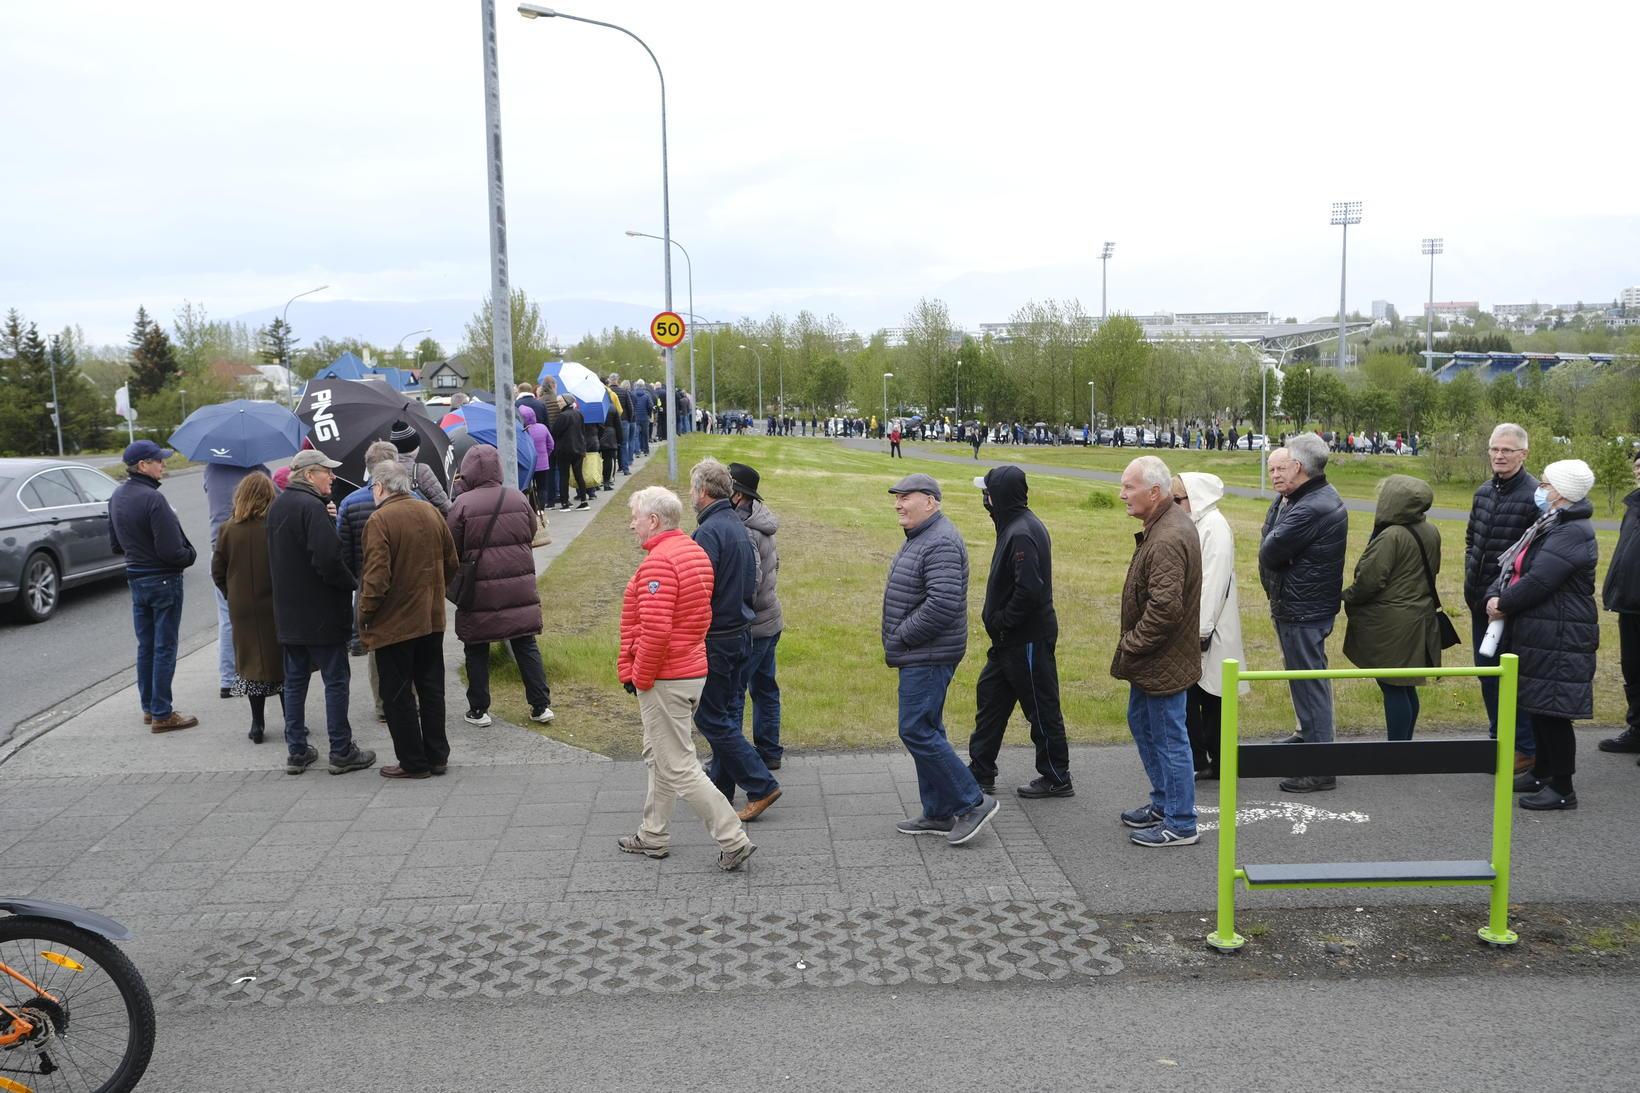 Röðin til að komast í bólusetningu í Laugardalshöll í dag …
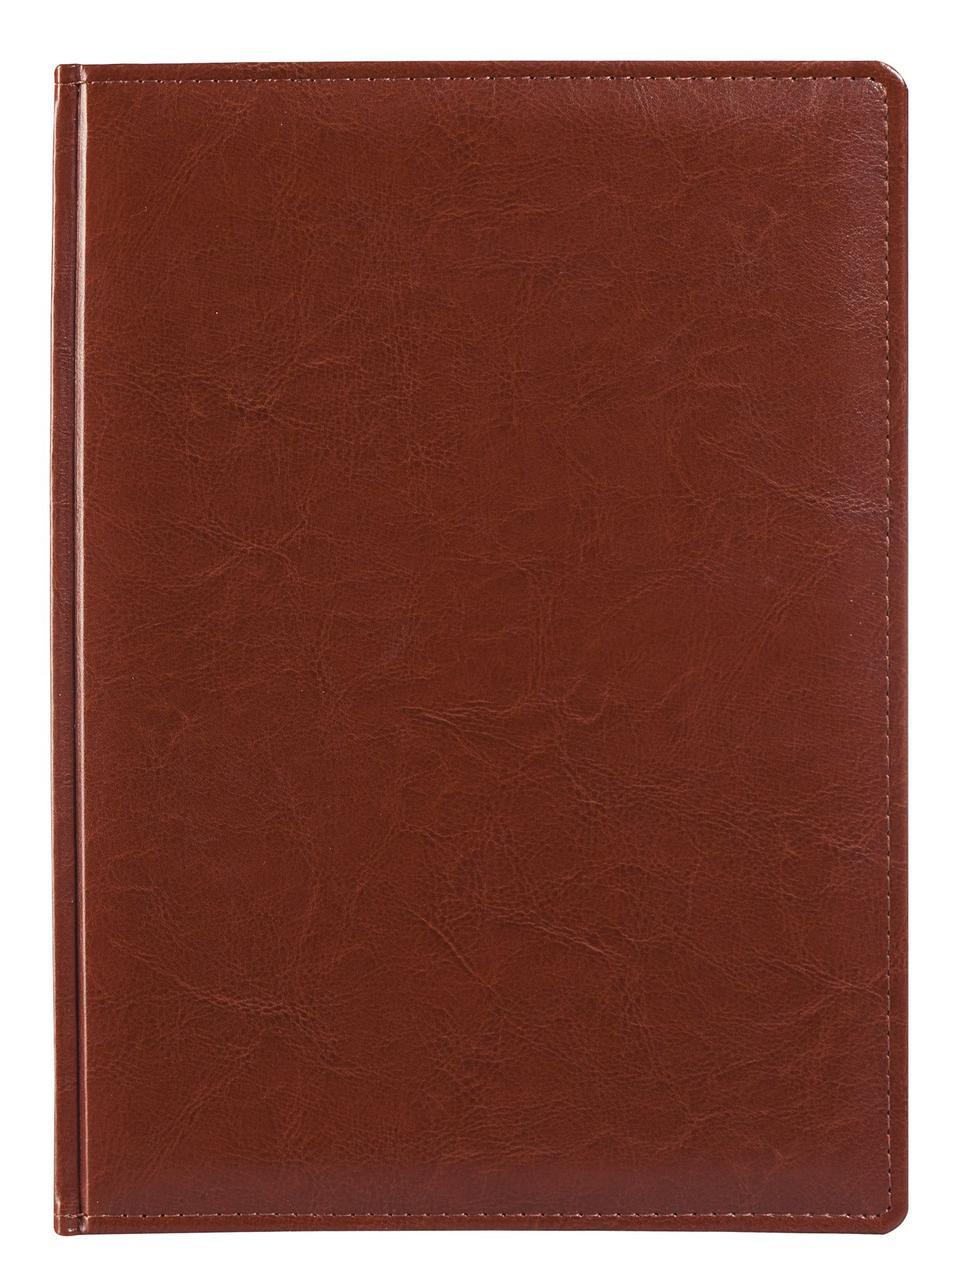 Еженедельник Nebraska, датированный, коричневый (артикул 4845.55)
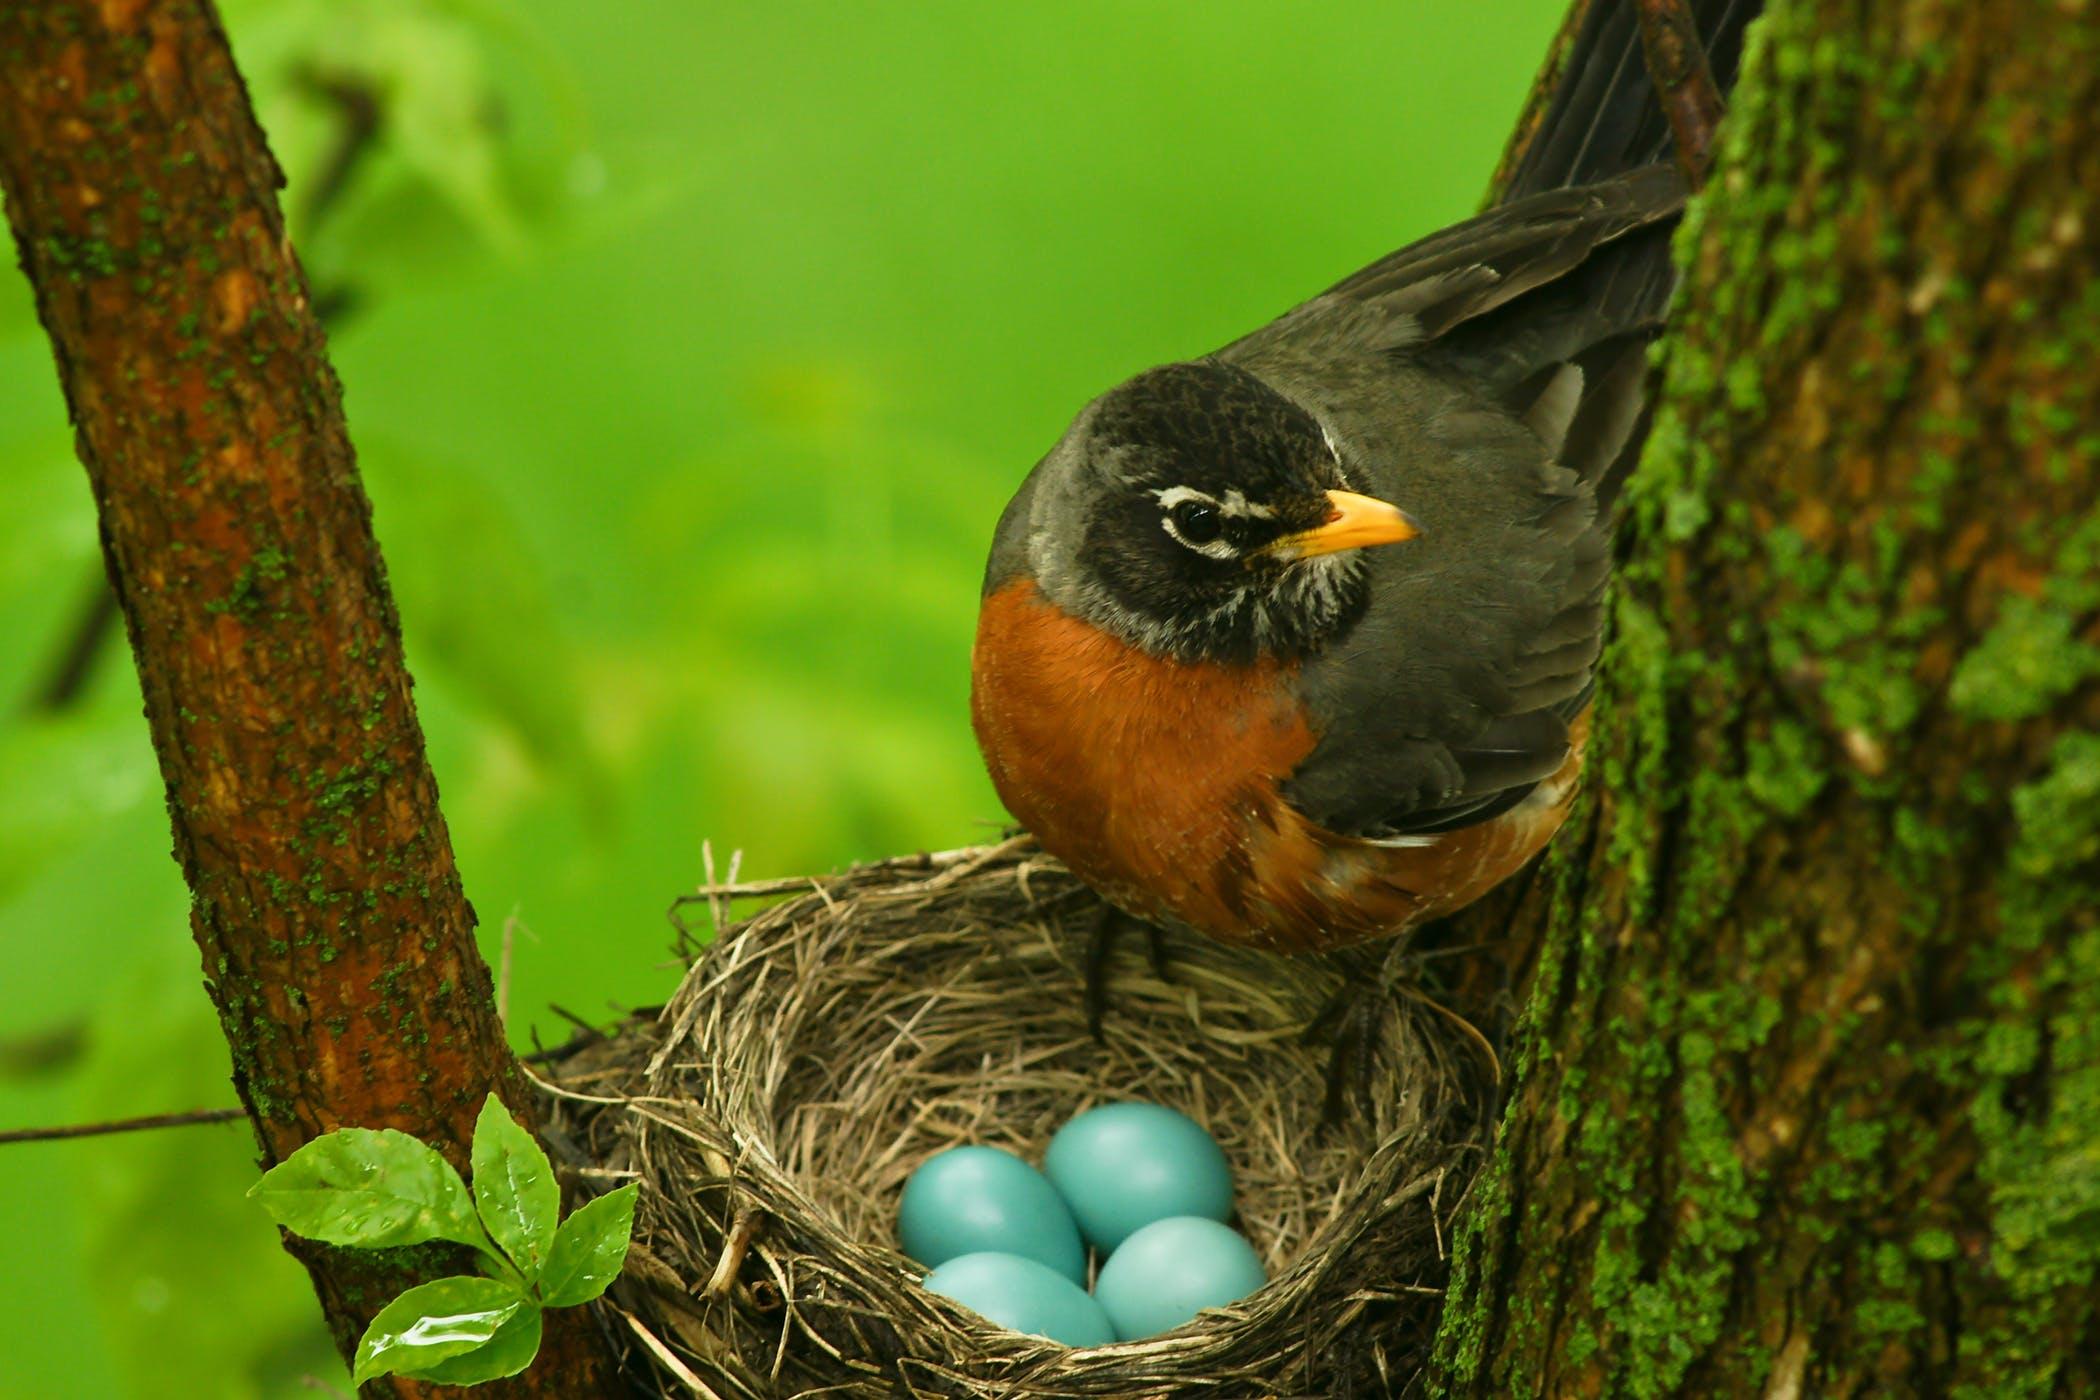 ઓસ્ટ્રેલિયાના સંશોધકોનું રિસર્ચ, પક્ષીઓને જન્મ પહેલાં જ પેરેન્ટ્સ પાસેથી કલરવ કરવાની ટ્રેનિંગ મળે છે, ઈંડાંનીઅંદર રહીને જ ભ્રૂણ બોલતા શીખે છે|લાઇફસ્ટાઇલ,Lifestyle - Divya Bhaskar

> [Your assignment]
The data is to be restated word for word, with any pictures set aside.

> [Worked solution]
 Röðin til að komast í bólusetningu í Laugardalshöll í dag …
 Еженедельник Nebraska, датированный, коричневый (артикул 4845.55)
 ઓસ્ટ્રેલિયાના સંશોધકોનું રિસર્ચ, પક્ષીઓને જન્મ પહેલાં જ પેરેન્ટ્સ પાસેથી કલરવ કરવાની ટ્રેનિંગ મળે છે, ઈંડાંનીઅંદર રહીને જ ભ્રૂણ બોલતા શીખે છે|લાઇફસ્ટાઇલ,Lifestyle - Divya Bhaskar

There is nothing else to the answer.